Alternative
Mon Dec 04 2006

So I wrote the above, posted, said to myself what an idiot and went home. As I was driving home, I thought about why is it that I’m angry at myself for writing what I write? For talking about the things that do not exist, for making up things out of nothing, when all it ever is – just a bold boring day, same as any other boring day of our life…gradually I realise that this is exactly what I want to say, what I want to create – a make-believe world, full of things made up out of normal mundane things, an  Alternative Parallel World.

I refuse to write about my real day, I hesitate to write about the real me. You see, when I tell you about my real life, the place I live, the place I work, how my day spent…if I tell all these, where all the enigma gone?…there will be no more puzzles, no more anticipation of unknown, of where else this crazy lady might take us …and when all the wonders gone, there will be no more walking on the rainbows, no more smile throwing, no more getting lost within revolving doors and riding elevators in a company of vacuum cleaners, no more talking to the Me from the parallel universe and no more laughs that might grow from all these little insanities. This is what it’s gonna be and I know it and yet from time to time I’m doing it, knowingly…life is that thing – you never know what she’ll ask of you the next moment…it is not easy for me to share my reality in full awareness that once it's done, a dream will be dead…

I’ve been thinking about how I want this place to be The Alternative To The Life Ordinary. Place where I learn how to see things other then normal things. In a sense, if you’d read carefully, all that being written in this place IS my everyday’s life. Things that happened to me or I witnessed them happened to somebody else, rendered through my mind and twisted in there, sometimes in the most uncomfortable ways…but my life they are. Just another alternative view on her. I could write about my day in so many different ways and still say the same…like I’ve bought a bed…or I’ve got stuck when passed through the doors…or I’ve noticed how dark it is outdoors after 5 pm…
 
My days are so very boring, home-work-home days, but I reject this definition, I wish to notice something else in them, to pick it up and pull forward to the magnifying glass…and see something interestingly colorful about something gray. I strive to find an alternative thrill in my day. Not just see a switch on the wall, but notice the label on it that says “Destroy Universe”, not just look in the mirror, but make a funny face to myself and get me to smile. I’m not crazy, I just wish to find something in otherwise nothing that I see each and every day. For our life is so full of nothings it could kill all the will to live.
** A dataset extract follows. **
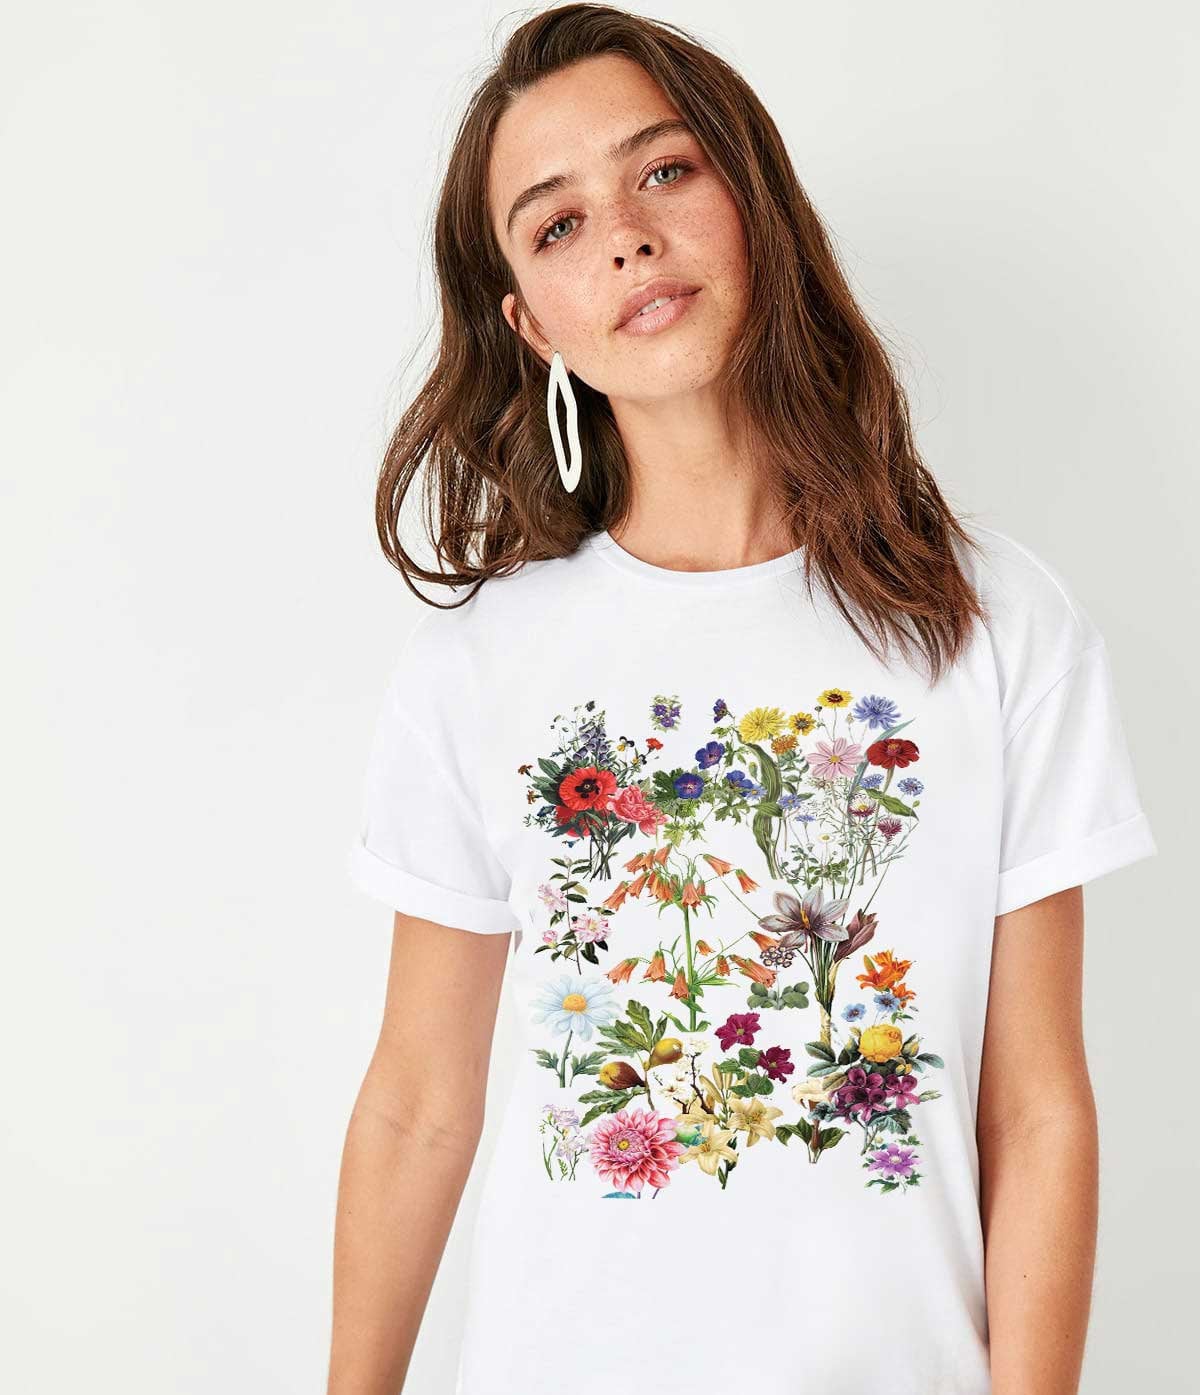 Botanical T Shirt Wildflowers Shirt Simple Shirt Nature Shirt Plant Shirt Flower Shirt I Love You Shirt Flowers Shirt Minimalist Shirt

Having thought all of that on my way home, I am strangely in peace with me…no longer frustrated, no more embarrassed to look like a fool. Hell, this is my own place and I will do what I truly wish in here. I will say silly things and imagine things and when I discover some interesting things, I’ll show them to you. If fools can see what others can not, then I’d rather be the one. There are so many normal things stuck in our reality, it is time to uncover something insane about them…
4 Comments
  • From:
    Pragmatist (Legacy)
    On:
    Mon Dec 04 2006
    Define "normal." Normal is what happens. It just is. Even if it seems la-la-la-la sometimes.

    Your take on things is interesting, sometimes a bit lopsided to "normal," but interesting, and thought provoking.

    I don't work late in an office any more, but maybe I could greet me in the darkened living room window. I wonder how that'll go.

    Shalom
  • From:
    Razzenne (Legacy)
    On:
    Tue Dec 05 2006
    lovely lana
    soon I will post on alternate states of consciousness
    yes you are never alone you are with you and you are made of a zillion universes
    youre never boring
    after work today the snow was so fairy tale like now it is finally warm and the light was dimming and the christmas tree across the street was on fire with clear lights
    and I felt so different as if my mind could go back light years

    oh by the way my friend I am looking for a word that is catharctic to replace my four letter word that has lost its charge

    well all suggestions are welcome in my journal
    but only in private
    shhhhhhhhhhhhhhhhhhhhhhhhhhhhhhhh
  • From:
    Astrid04 (Legacy)
    On:
    Tue Dec 05 2006
    Great entry I think. I don't write every day here for the same reason. I get up, go to work, come home and start again the next day. Pretty boring stuff. Doesn't make for interesting reading. I like that you are looking for something interesting and unique in each day. We should all do that.

    Astrid
  • From:
    Dreamerbooks2003 (Legacy)
    On:
    Fri Dec 08 2006
    you could never look a fool.
    You are such a brilliant mind..
    And always make me think of alternative things.. views and thoughts.. walking on rainbows..
    I love it
    enjoy
    and smile........ makes them wonder what you are up to.. right?